A router can be defined as a device that connects two or more than two computer networks and selectively exchanges packets of data among them. Every packet data encompasses address information that a router can use to find out whether the destination and source are on the same network, or if the packet data must be transmitted from one network to another.
Through projecting routing needs and network traffic centered on the types and number of applications and hardware devices used in environment, one can better choose whether to use a software router, a hardware router, or a combination of both. When talking about hardware and software router, there are numerous advantages hardware router has over software router. Few of them are mentioned below. Hardware router has higher throughput as compared to software router and computer solutions particularly Windows based.
Hardware router is very reliable and runs easily once you set it up and does not require any attention, while software router are unreliable and does not run easily (Haverkort, Bohnenkamp & Smith, 2000). Hardware-based routers handle heavy routing demands perfectly, whereas software routers can only handle lighter routing loads. Hardware router does not require a PC to be running to permit access for other computers.
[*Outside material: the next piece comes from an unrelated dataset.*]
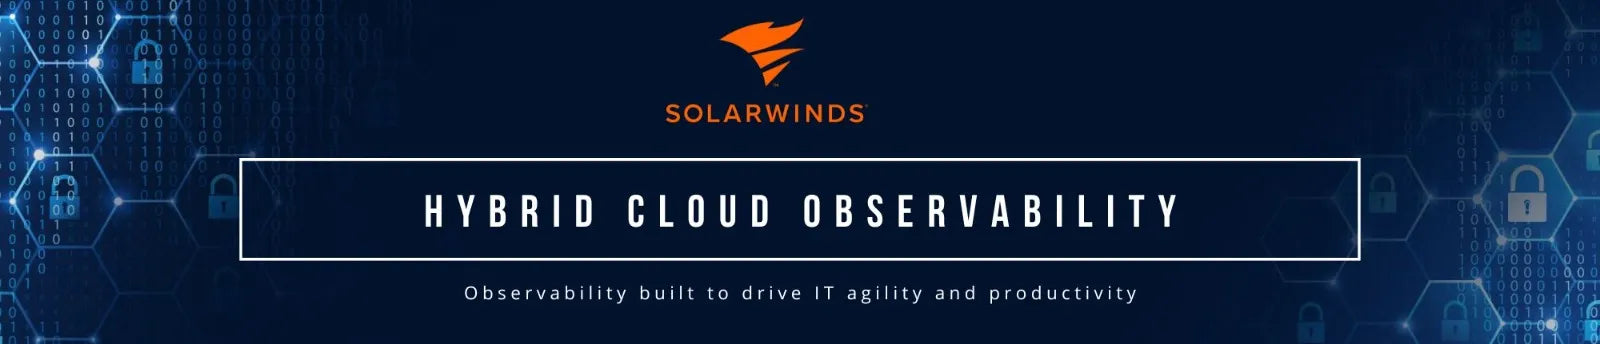 SolarWinds Hybrid Cloud Observability

In addition, hardware router does not contain any software or files that can be deleted, harmed, copied, stolen, etc. whereas, there is a risk in software router. A software router can be very perfect on a segmented and small network with comparatively light traffic between subnets as it cannot bear much load and traffic. However, hardware-based routers can bear heavy traffic and enterprise network environments that have a huge quantity of network divisions and an extensive range of performance desires use range of hardware routers in order to perform various roles throughout the network.